Today I was thinking about our week so far. We got off to a bit of a rocky start - nothing major, really, it was just me as Mommy needing to get my patience in check. Addie and I have had a good few days and I've even been able to take a few moments to just watch her and appreciate her...so much.
I feel like so often I live life in survival mode. Doing one thing to get to the next, to the next, to the next. Washing dishes to dirty more dishes with more meals to clean more dishes. Doing laundry to fold it to put it away to wear it, to wash it. Running errands to get things done to check things off The List only to add more things to The List. Picking up toys (a few times a day - Addie helps, too) to get them back out to teach to put them away to scatter them from room to room to put them away...again.
I tend to live life full speed ahead. I walk fast. I jump from point A to Z often when dealing with big life situations without first looking at what's in between. I try to anticipate things that are going to happen and plan accordingly, sometimes at the expense of not concentrating on what's at hand. Sometimes I interrupt people and that bothers me after the fact.

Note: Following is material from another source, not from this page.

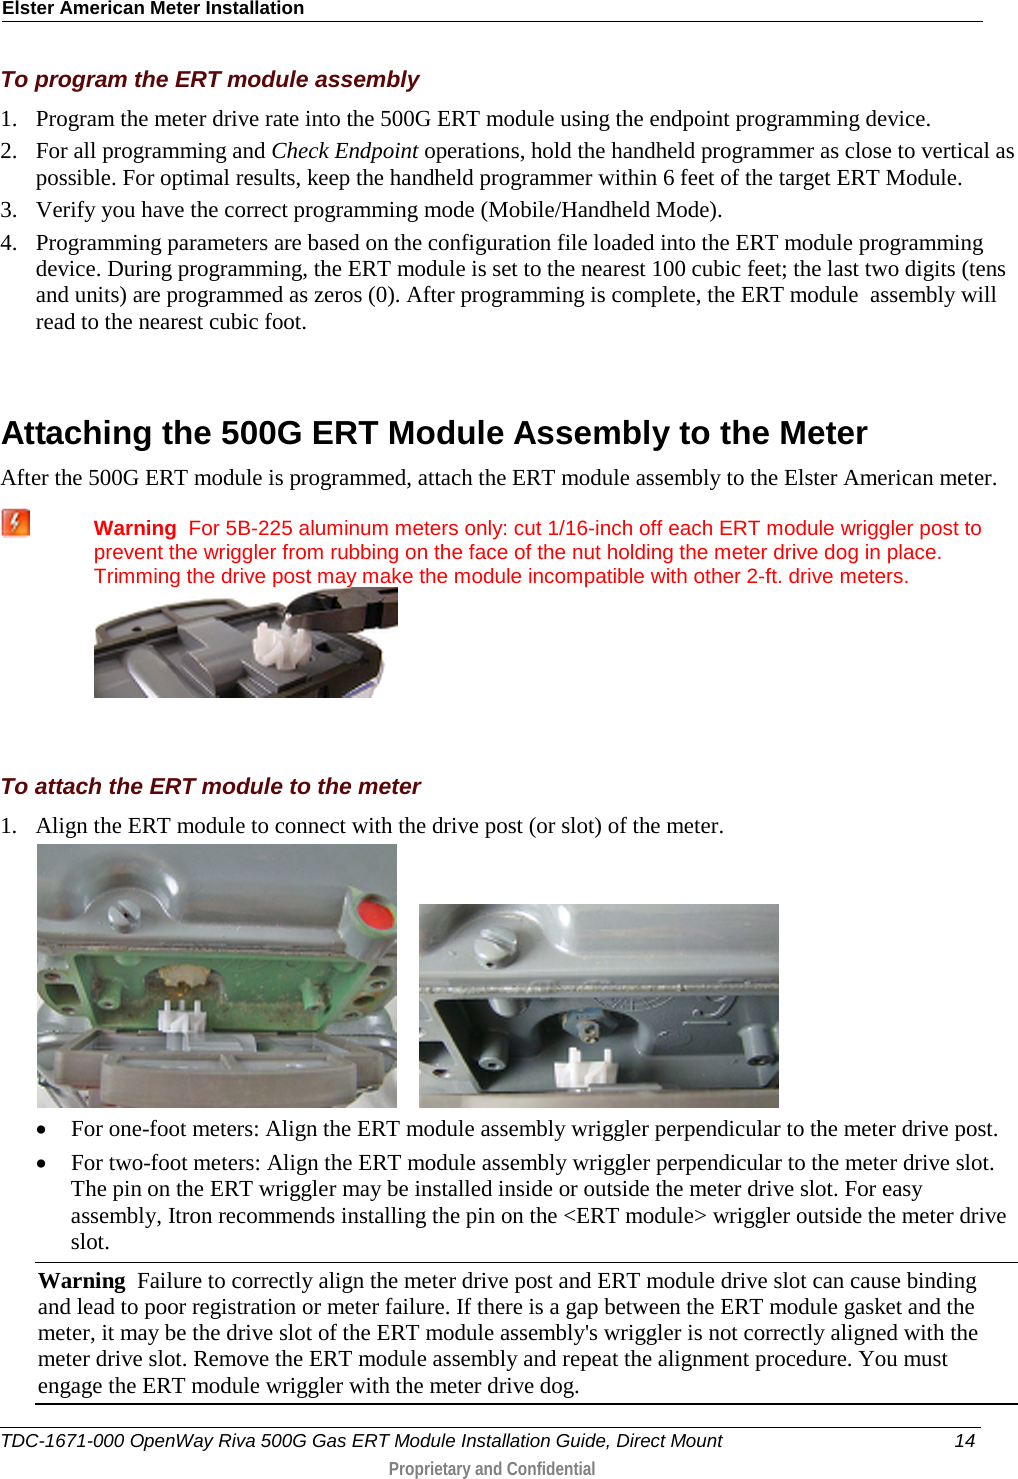 Elster American Meter Installation  To program the ERT module assembly 1. Program the meter drive rate into the 500G ERT module using the endpoint programming device.  2. For all programming and Check Endpoint operations, hold the handheld programmer as close to vertical as possible. For optimal results, keep the handheld programmer within 6 feet of the target ERT Module.  3. Verify you have the correct programming mode (Mobile/Handheld Mode).  4. Programming parameters are based on the configuration file loaded into the ERT module programming device. During programming, the ERT module is set to the nearest 100 cubic feet; the last two digits (tens and units) are programmed as zeros (0). After programming is complete, the ERT module  assembly will read to the nearest cubic foot.    Attaching the 500G ERT Module Assembly to the Meter After the 500G ERT module is programmed, attach the ERT module assembly to the Elster American meter.  Warning  For 5B-225 aluminum meters only: cut 1/16-inch off each ERT module wriggler post to prevent the wriggler from rubbing on the face of the nut holding the meter drive dog in place. Trimming the drive post may make the module incompatible with other 2-ft. drive meters.    To attach the ERT module to the meter 1. Align the ERT module to connect with the drive post (or slot) of the meter.       • For one-foot meters: Align the ERT module assembly wriggler perpendicular to the meter drive post. • For two-foot meters: Align the ERT module assembly wriggler perpendicular to the meter drive slot. The pin on the ERT wriggler may be installed inside or outside the meter drive slot. For easy assembly, Itron recommends installing the pin on the &lt;ERT module&gt; wriggler outside the meter drive slot.  Warning  Failure to correctly align the meter drive post and ERT module drive slot can cause binding and lead to poor registration or meter failure. If there is a gap between the ERT module gasket and the meter, it may be the drive slot of the ERT module assembly&apos;s wriggler is not correctly aligned with the meter drive slot. Remove the ERT module assembly and repeat the alignment procedure. You must engage the ERT module wriggler with the meter drive dog.  TDC-1671-000 OpenWay Riva 500G Gas ERT Module Installation Guide, Direct Mount 14  Proprietary and Confidential

When Addie was smaller and she'd be fussy and I'd be frustrated with her fussiness I would often realize she was trying to get my attention because in my flurry of frenzy I hadn't taken time to just sit and play with her. As soon as I realized it the mom guilt washed over me and I took note that if I just spent some time with her she'd likely be okay. Now, before you think I am neglectful mom (see that anticipating what you're thinking?!), we played a lot, but this was those times when I just couldn't figure out what the deal was. As she has gotten older it seems she is more likely to entertain herself, but that doesn't mean I'm off the hook - it means I need to be even more intentional about her and her needs.
Feeding, clothing, bathing, putting to bed - those things are easy and those things are part of living in survival mode. Playing, teaching, training, relaxing, having fun - that's the something more.

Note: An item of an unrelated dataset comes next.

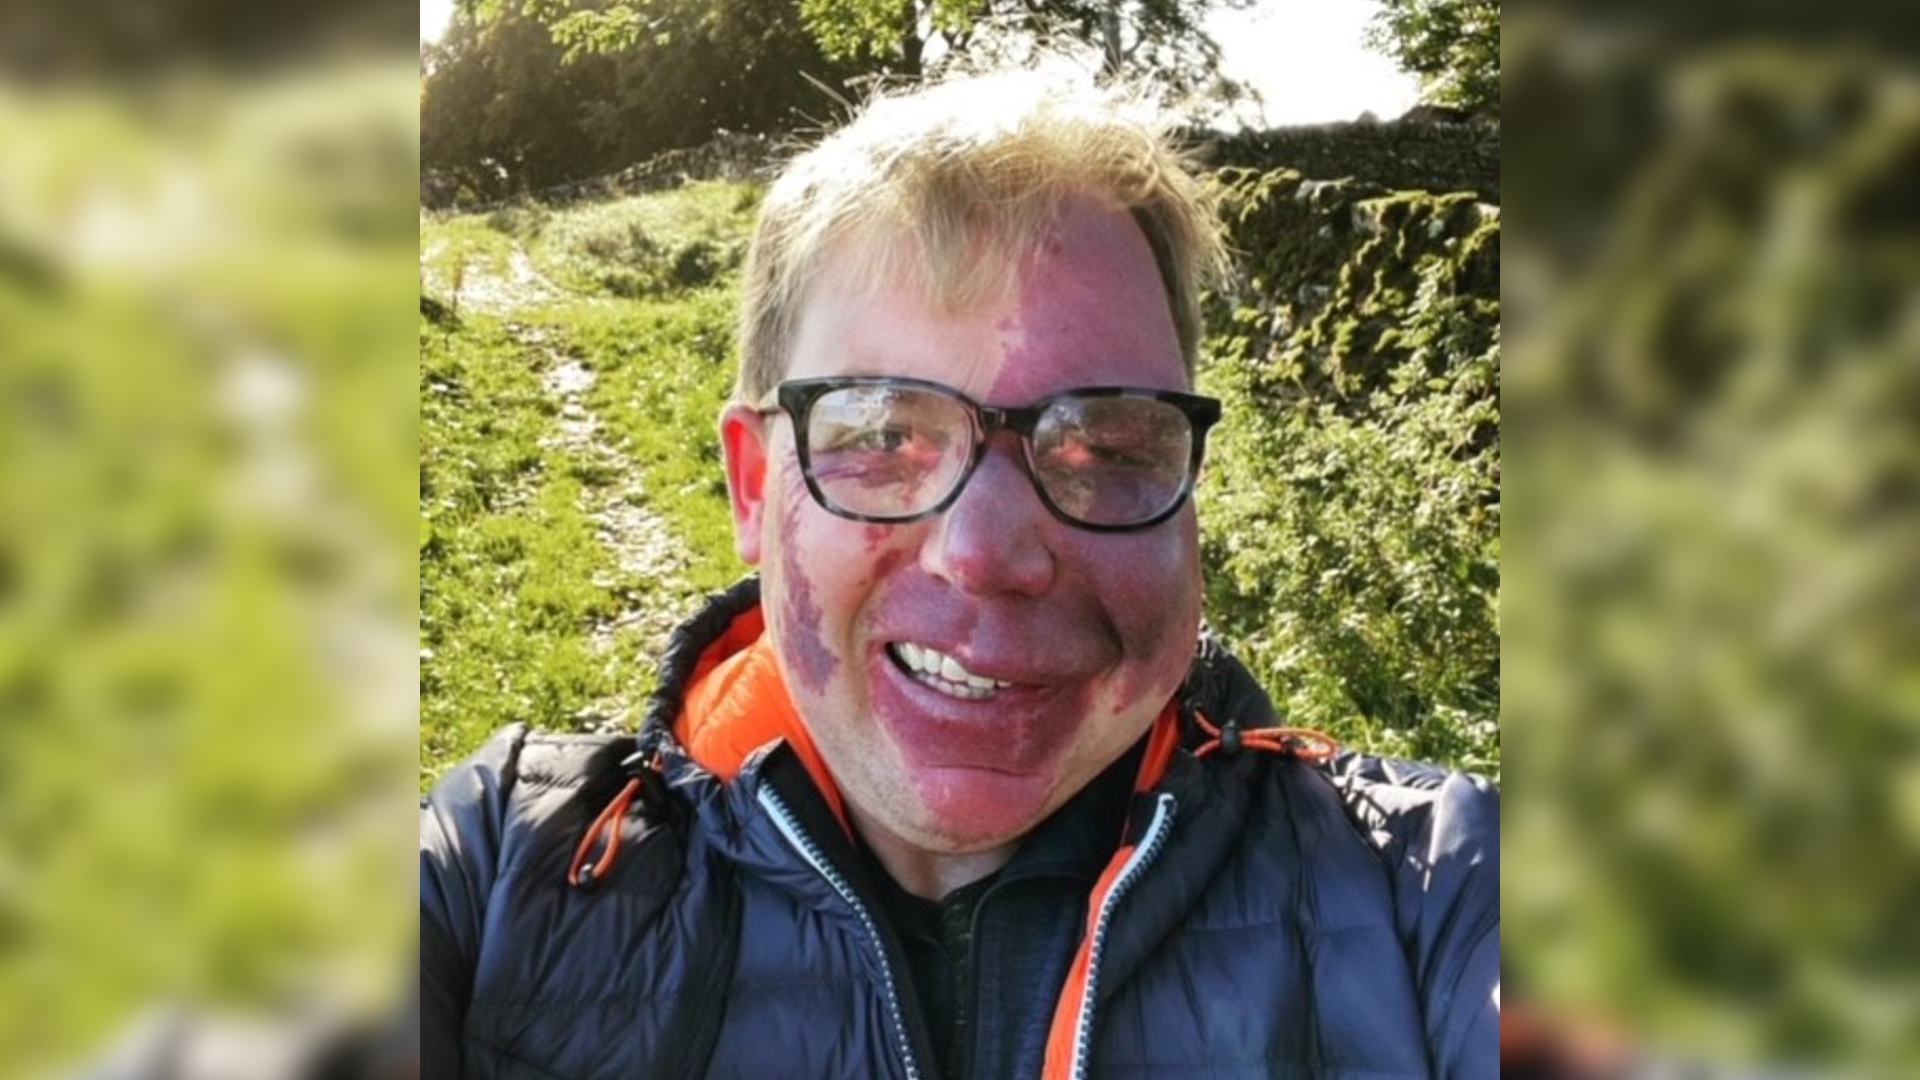 Man with glasses and port wine stain birthmark on face takes selfie in the countryside

I'm trying to learn to concentrate on the something more. It's hard, but it's worth it. Something about smelling the roses. Rather, my tendency is to notice the roses and comment on them as I breeze by, marking those things off The List.

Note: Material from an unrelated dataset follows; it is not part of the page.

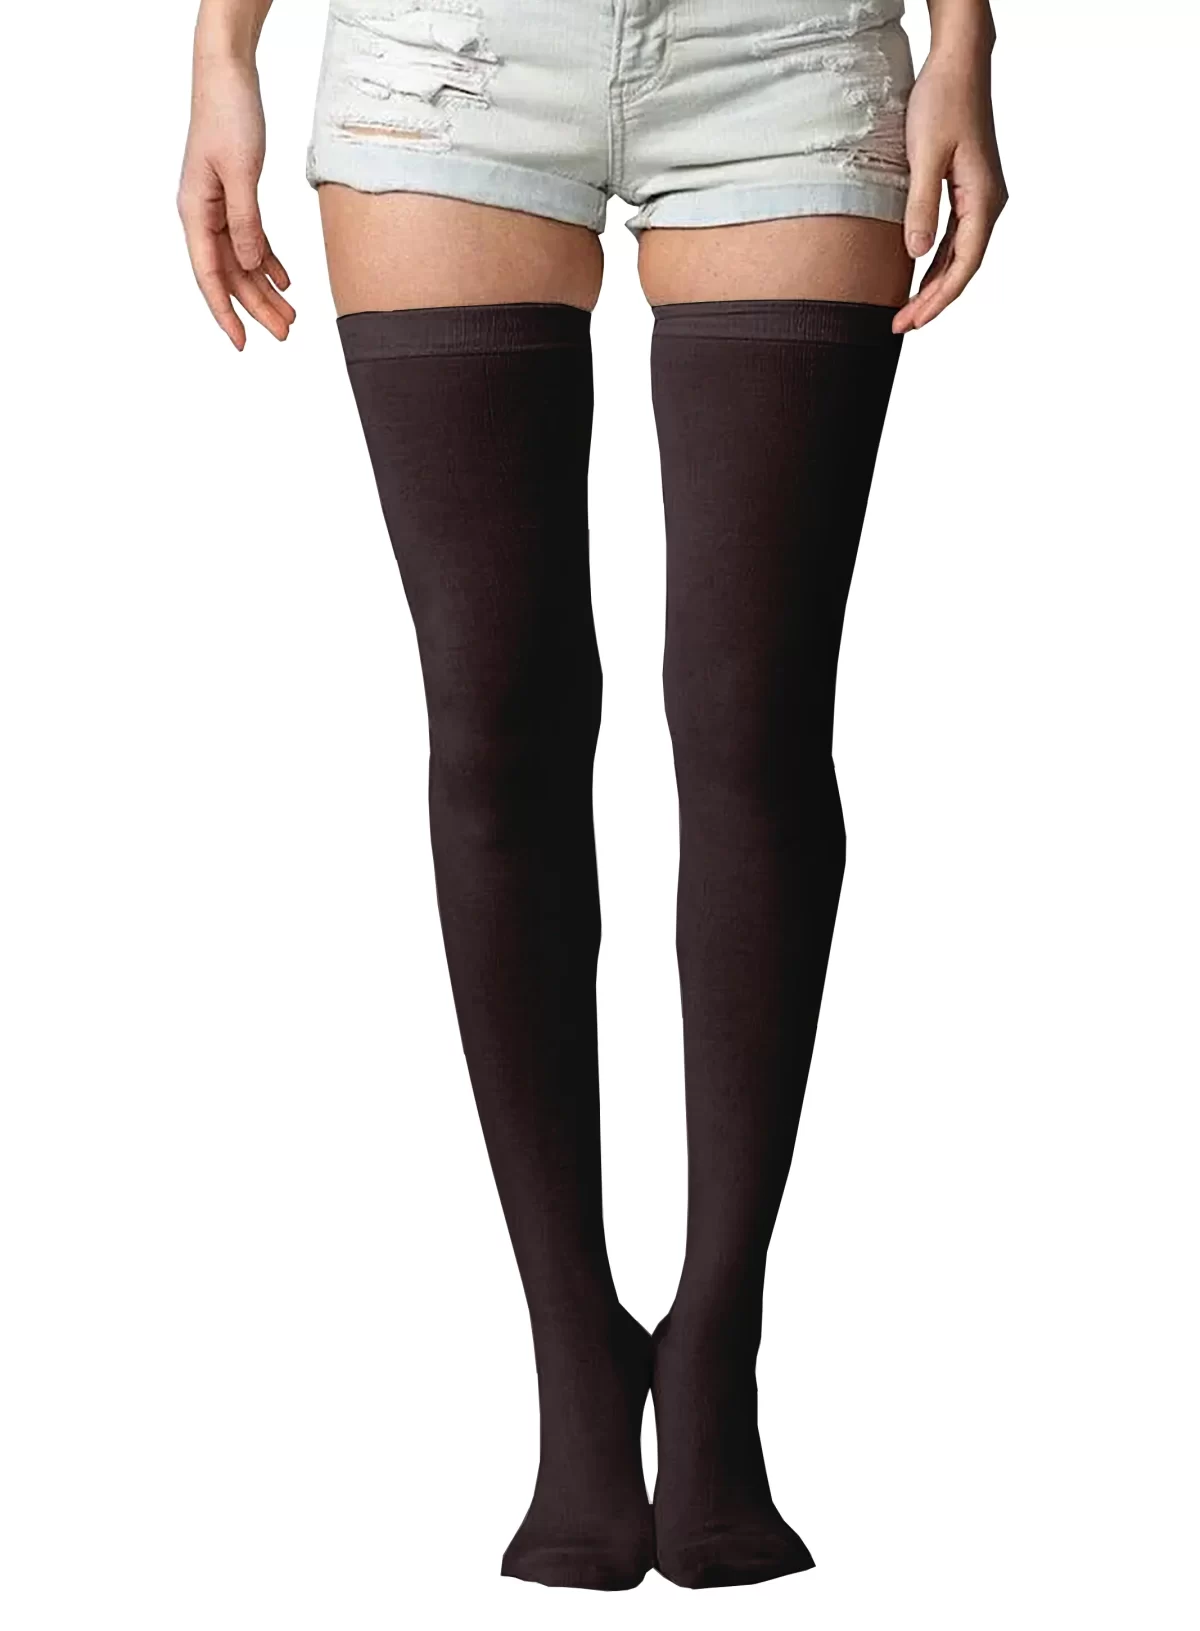 Brown Black Girls and Women's Thigh High Socks ( Free Size )4

All I can do is make more of an effort and pray that God strengthens the desire in my heart. There won't be more than 24 hours in the day, the meals still need to be cooked, dishes washed, clothes dried, folded and put away. But, it's everything in between all of that to which I am referring. While we have plenty of fun as a family, going on outings and making fun for ourselves, it's the moments of eating the plastic peanut butter and tomato sandwich sweetly made for me, watching as little hands put together the same puzzle three or four times in a row, or really looking every time she says, "Wook! Wook, Mommy, wook!"
I am so thankful to be a mom.
2 comments:
girl. i am so there. just trying to survive!
thanks for the encouragement and reminder to be present :O)
Thanks, Elise. Your comments are encouraging to me!